-- Source data follows --

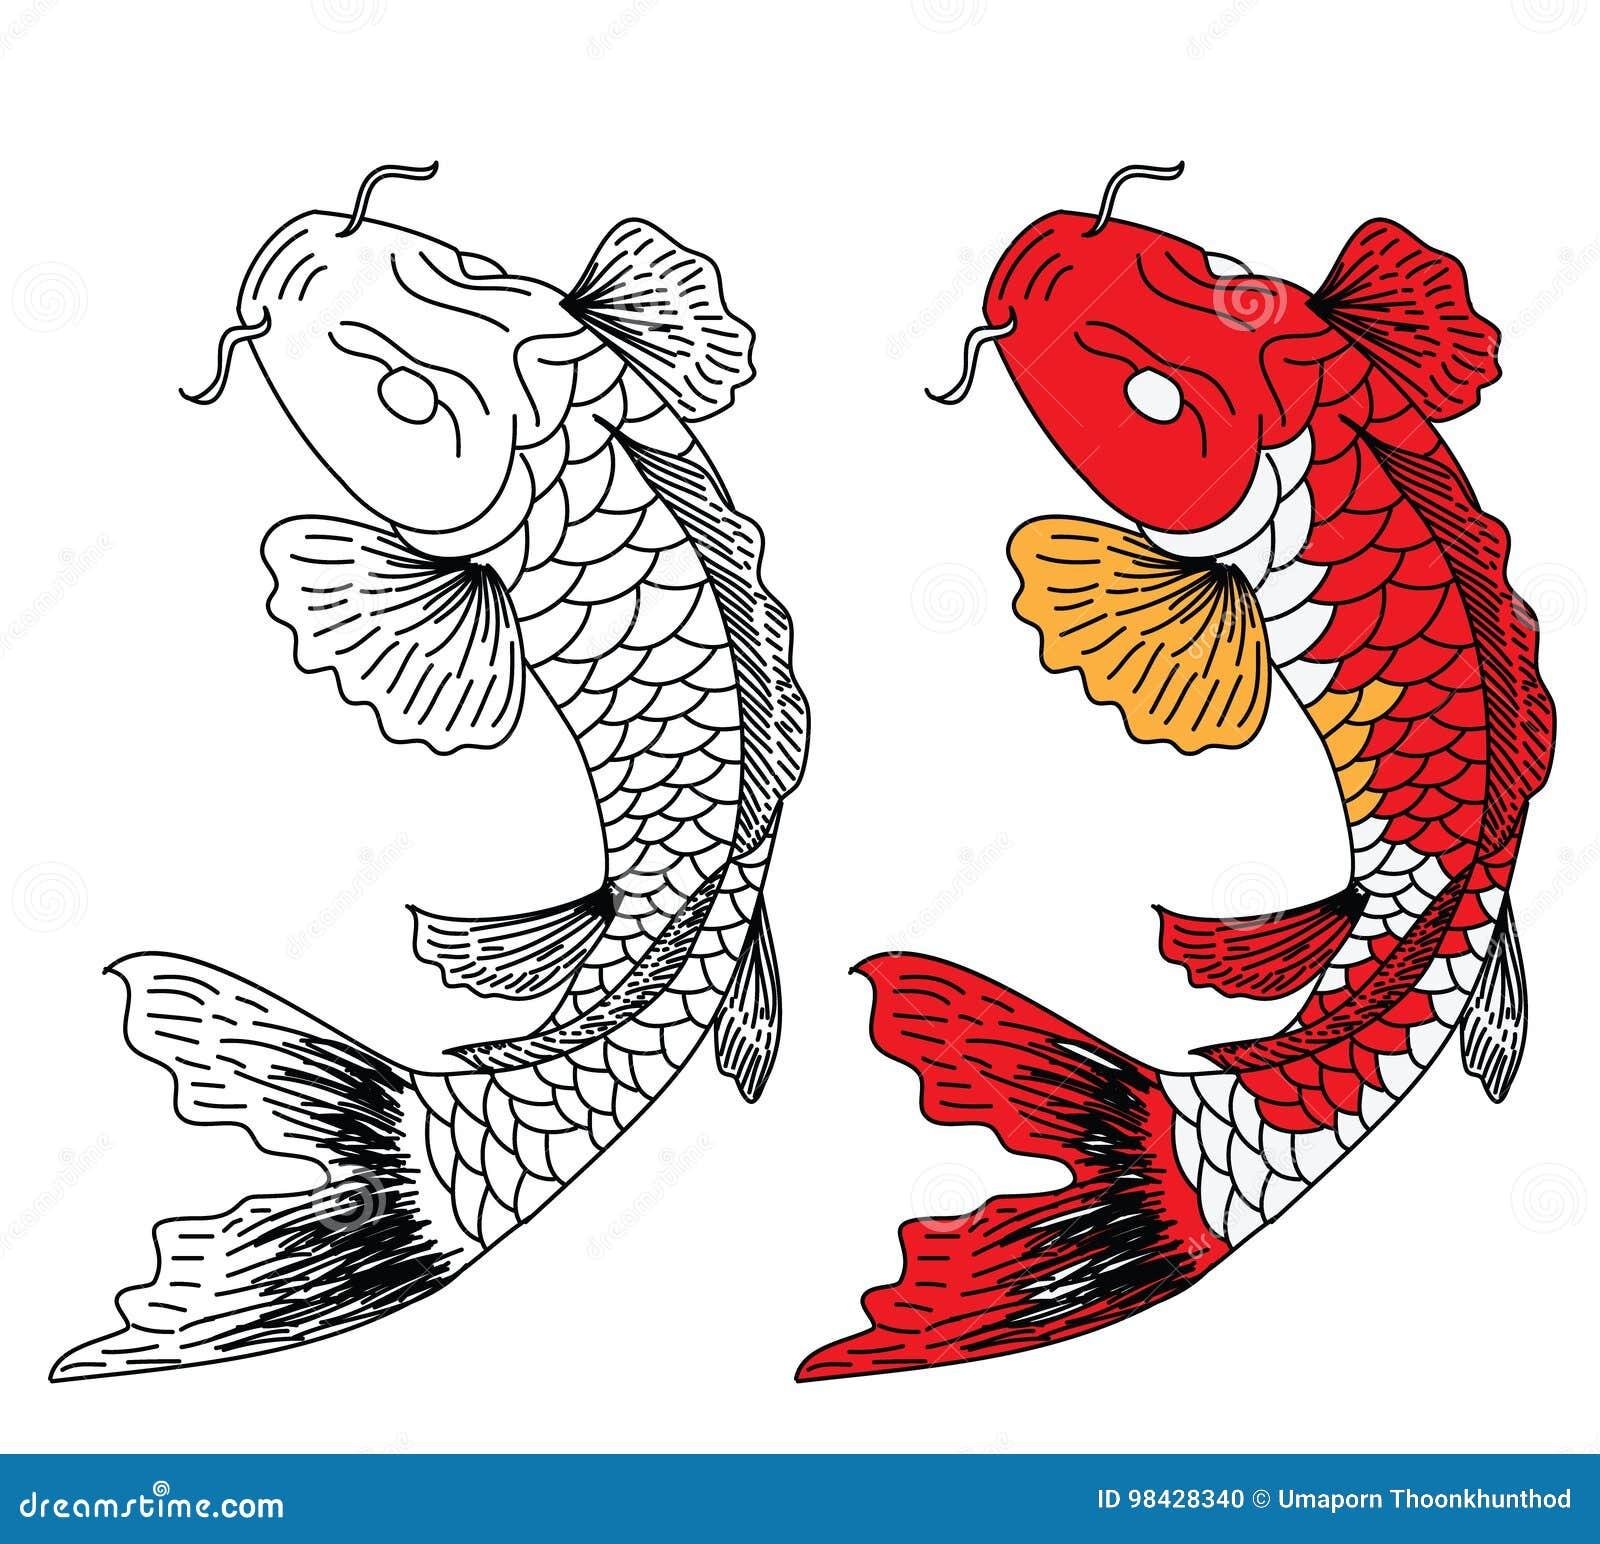 Japanese Koifish Tattoo Design Vector Stock Vector - Illustration of ...
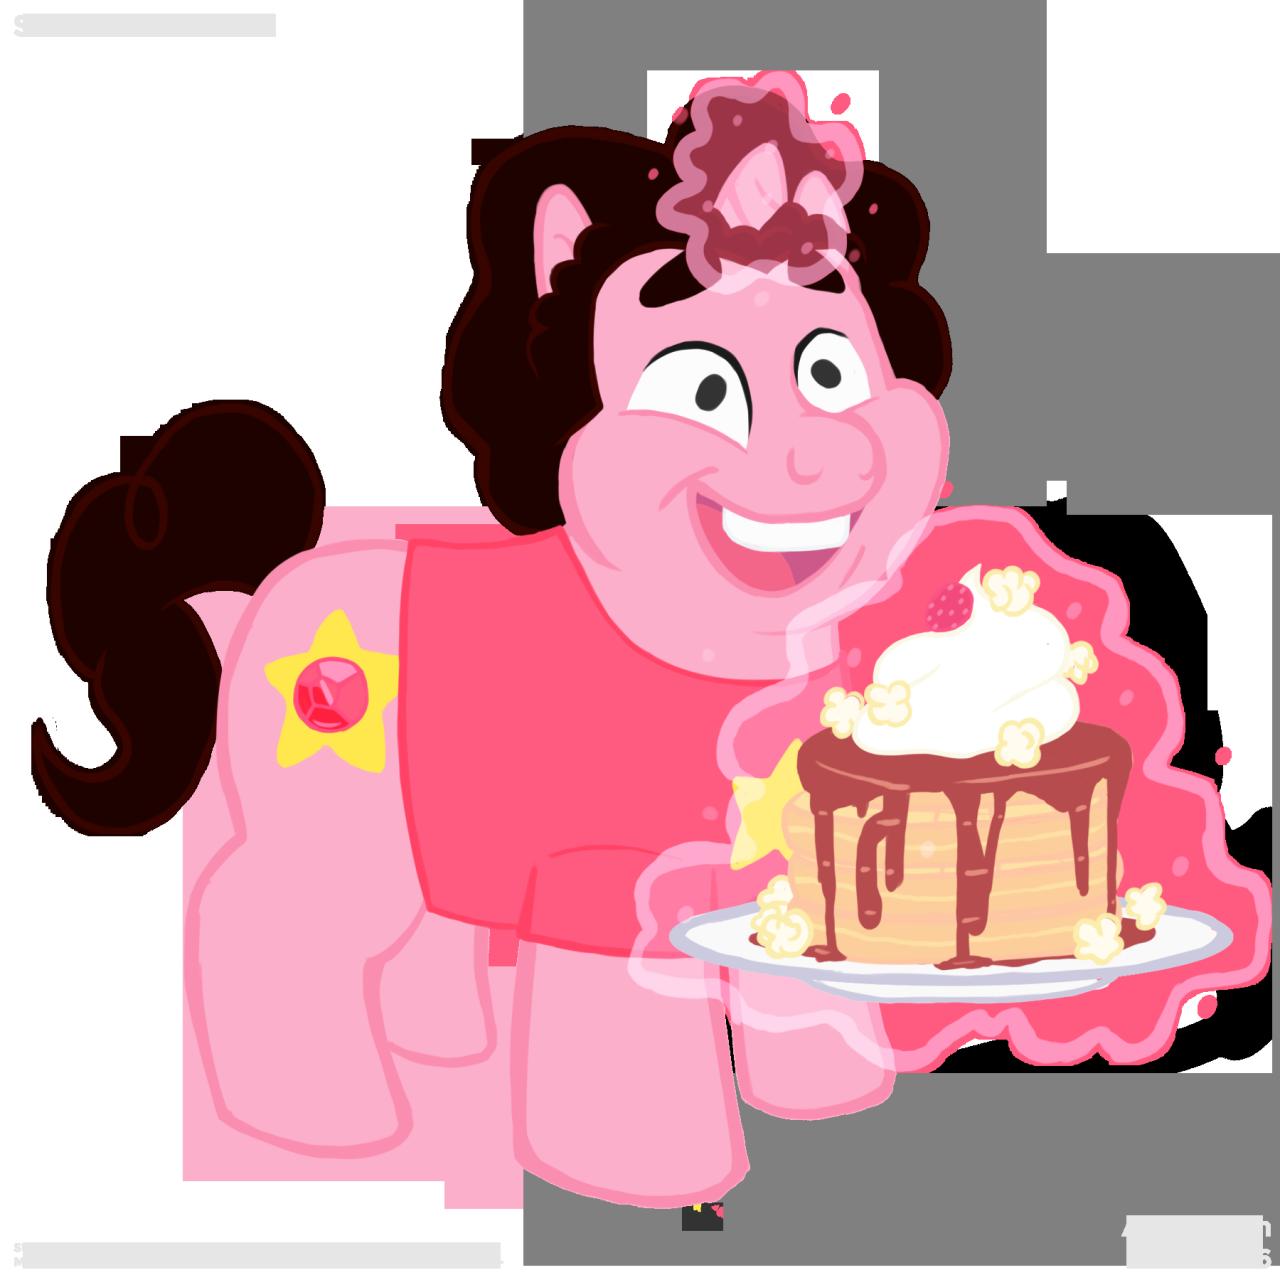 Breakfast pink facial expression mammal vertebrate cartoon nose food fictional character
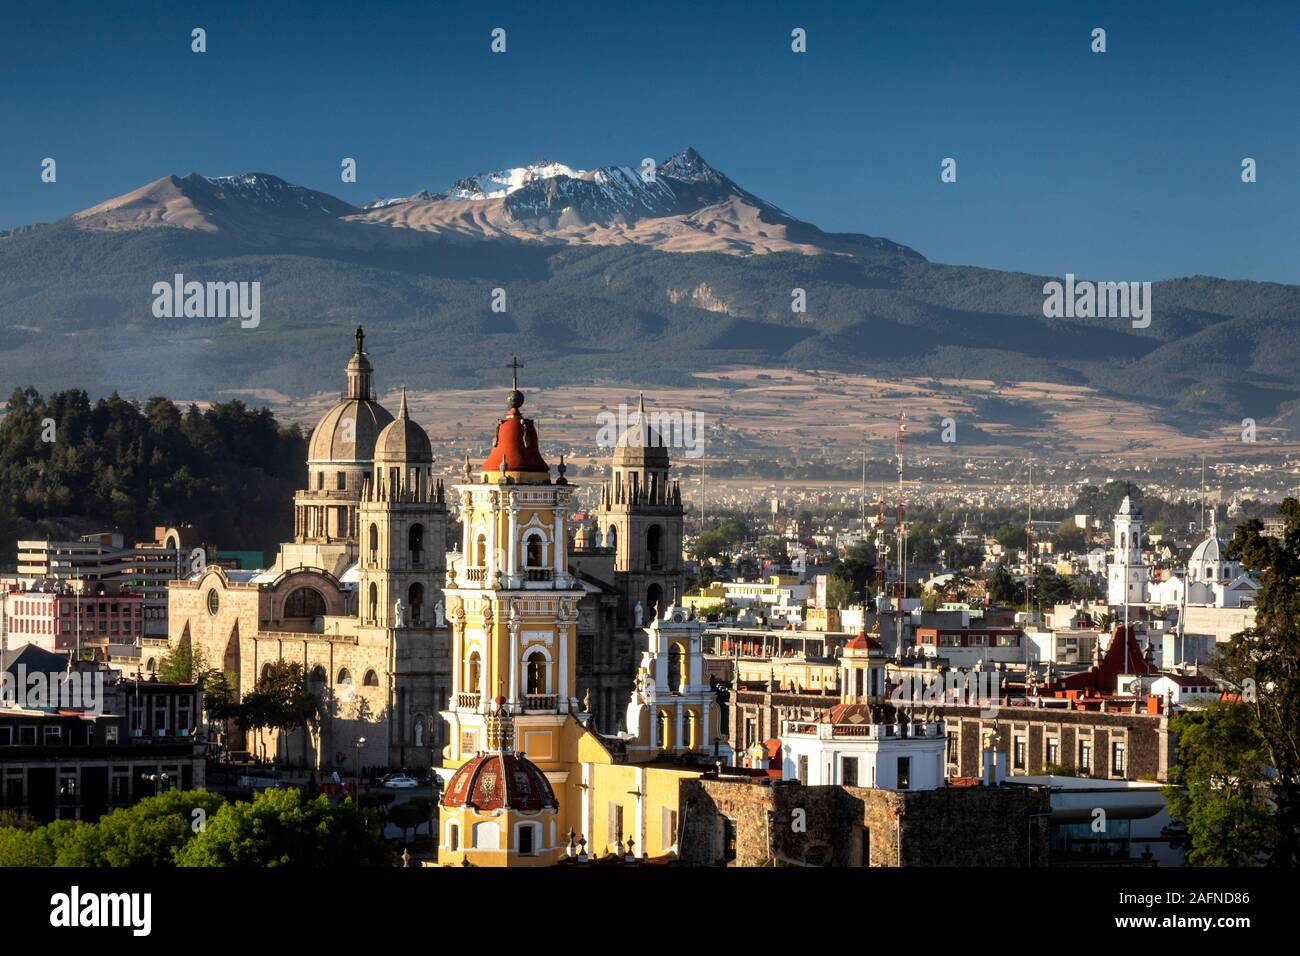 The Nevado de Toluca mountain rises up above the historic downtown of Toluca, Mexico. Stock Photo

-- Source data concluded --

**Task**
Your reply must match the data above line for line, except that it holds no pictures.

**Answer section**
 Japanese Koifish Tattoo Design Vector Stock Vector - Illustration of ...
 Breakfast pink facial expression mammal vertebrate cartoon nose food fictional character
 The Nevado de Toluca mountain rises up above the historic downtown of Toluca, Mexico. Stock Photo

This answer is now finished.